August 2, 2004
THE CLOSED BORDERS CROWD:
Why conservatives don't endorse free trade (Gary North, July 30, 2004, WND)
Back in 1976, I was Congressman Ron Paul’s research assistant. I had contacts with other Congressional staffers on Capitol Hill. One evening, I attended an informal get-together in the Georgetown area. The host was a retired diplomat whose daughter worked in Senator Jesse Helms’ office. I had been invited by Howard Segermark, also a Helms staffer.One moment in the evening’s chit-chat has stuck in my mind ever since. In discussing free trade, one man, whom I had never met before, expressed his view of free trade. "Free trade is when you stick a .45 automatic to the temple of some Asian and tell him, ‘Gook, we’re going to trade . . . on my terms.’"
I dismissed him as an ideological aberration. I don’t think he was on any Congressional staff. But, over the years, I have come to the conclusion that both conservatives and liberals share his view of free trade.

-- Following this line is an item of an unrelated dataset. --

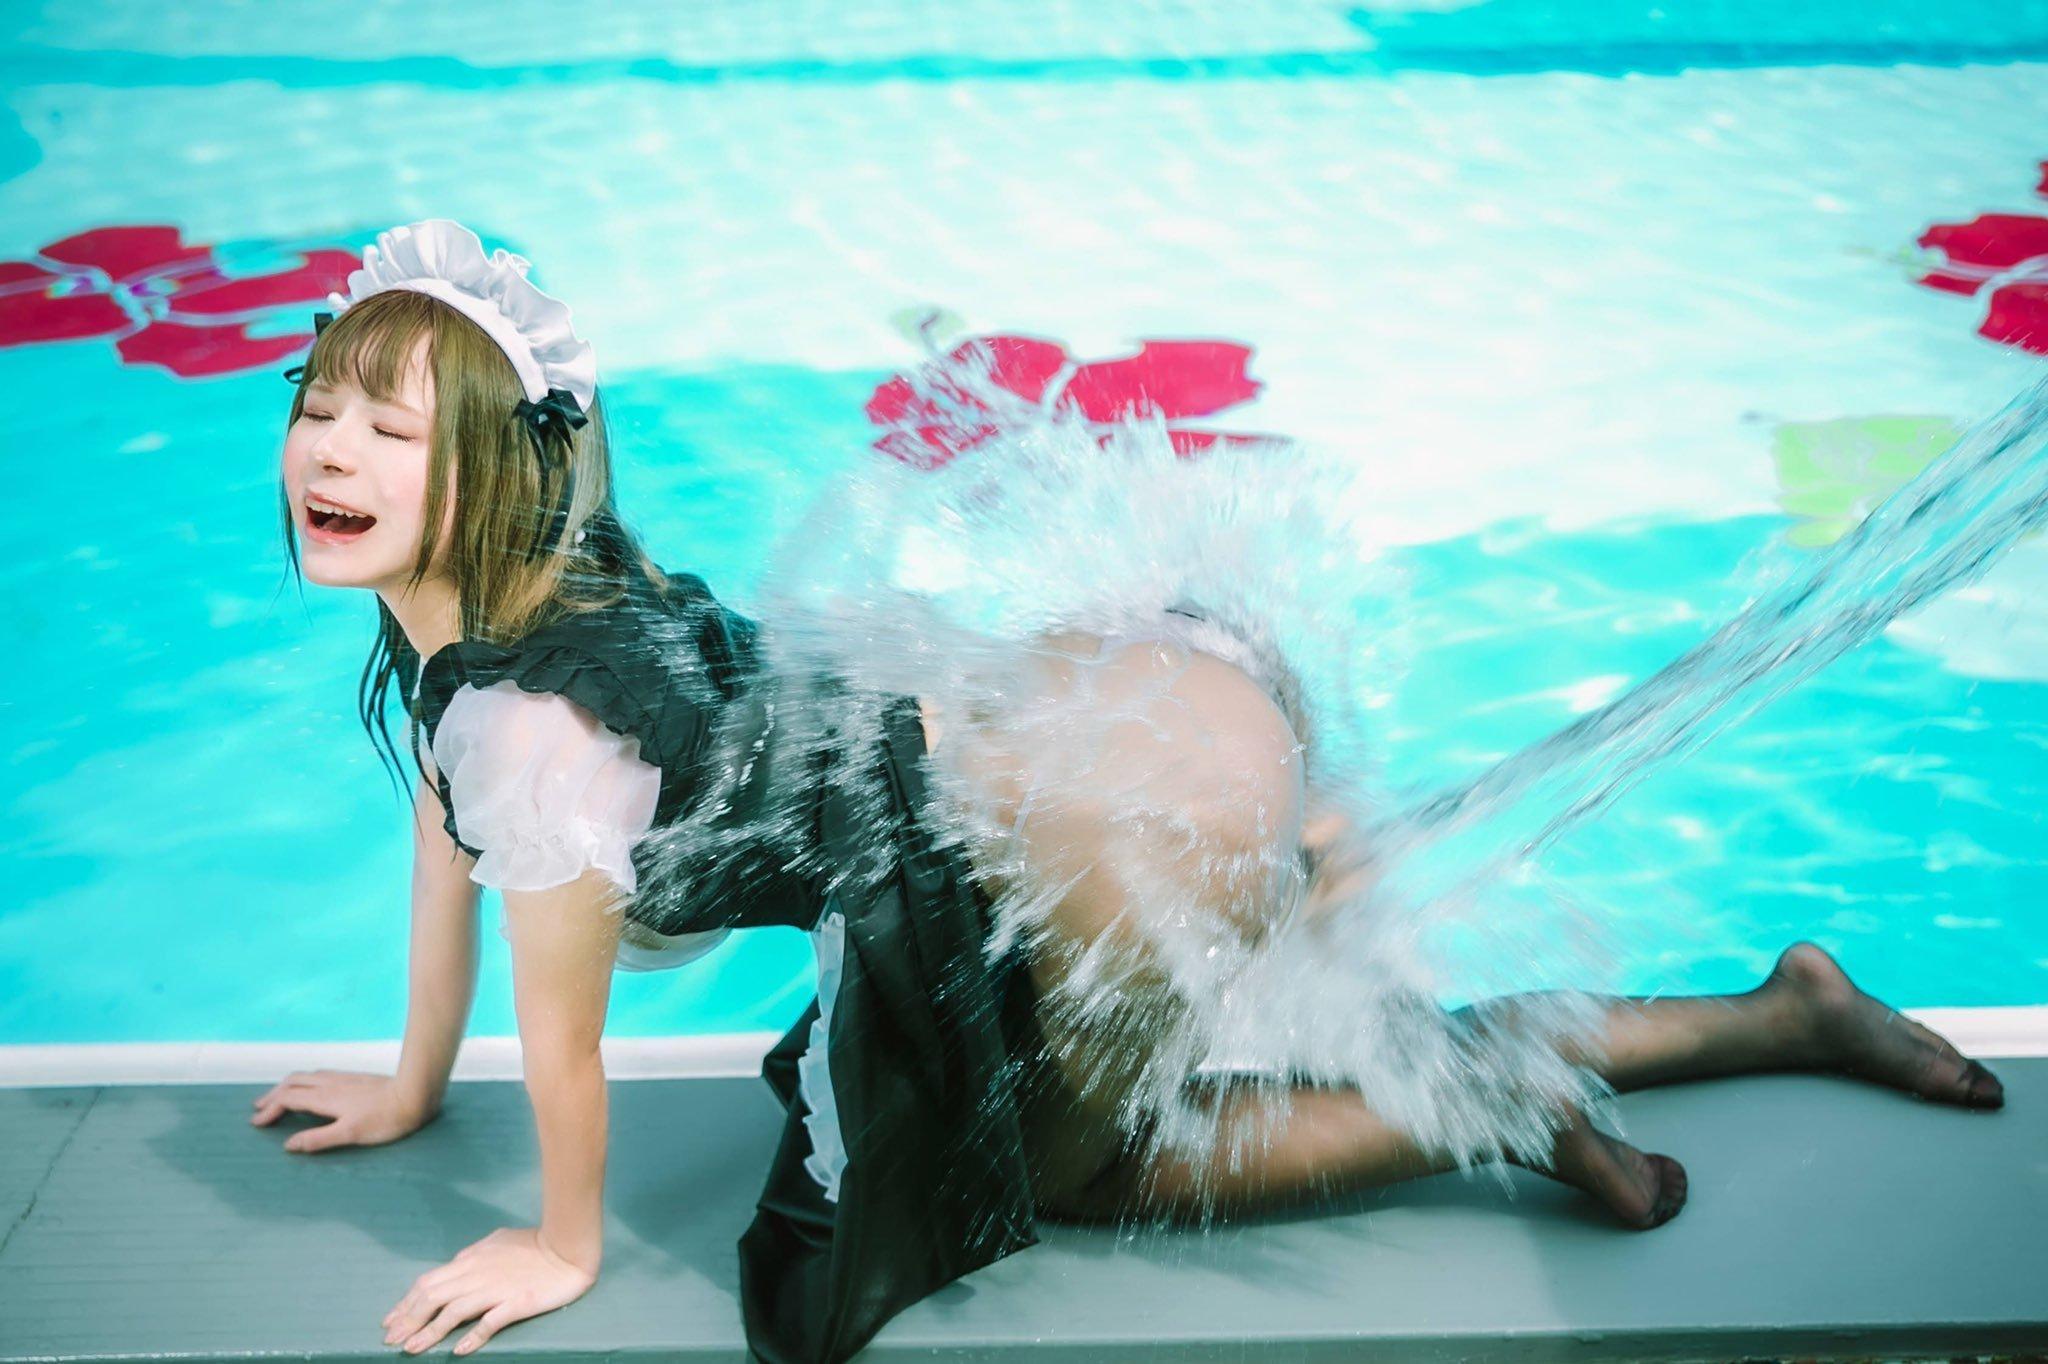 女仆泼水通透见肉 蒂法艾瑞丝百合浓密插图(50)

The various multinational trade agreements that have been signed by the United States government, most notably those authorizing the control of the terms of trade by the World Trade Organization (WTO) and the North American Free Trade Agreement (NAFTA), are essentially forced-trade agreements. They require private companies in each nation to meet production standards that are imposed by international bureaucracies. Reductions in tariffs and import quotas are accompanied by labor restrictions, pollution standards, and large printed volumes of other impositions. These restrict the operation of free markets. What appear to be reductions in government control (sales taxes and import limits) are accompanied by increases in government control (production codes). "The large print giveth, and the fine print taketh away."
All participating nations are required by international law to interfere with voluntary transactions within each nation, as well as voluntary transactions across national borders. Officers of these nations must abide by the legal interpretations made by unelected international bureaucrats.
The erosion of sovereignty is the one legitimate criticism of the current free trade scheme, but the solution is to unilaterally remove all our own trade barriers, not to dump free trade. Posted by Orrin Judd at August 2, 2004 6:38 AM
Gary North? The same Gary North who warned of the dire horrors of Y2K?
If so, my respect for WND just went 'way down.
Posted by: Mike Morley at August 2, 2004 10:43 AMWhile it's true that labor restrictions and pollution controls impede "free" trade in the strictest sense of the phrase, neither do we have a laissez faire economy at home.
Americans, (a large percentage, anyway), don't want to buy goods made by slave labor, nor goods made by workers laboring in conditions that will hasten their demise.
Further, pollution isn't just a national issue; it's often an international one, since pollution respects no legal boundaries.
Expecting that the US would endorse trade pacts that mandate more freedom than the underlying economies operate with seems a little quixotic.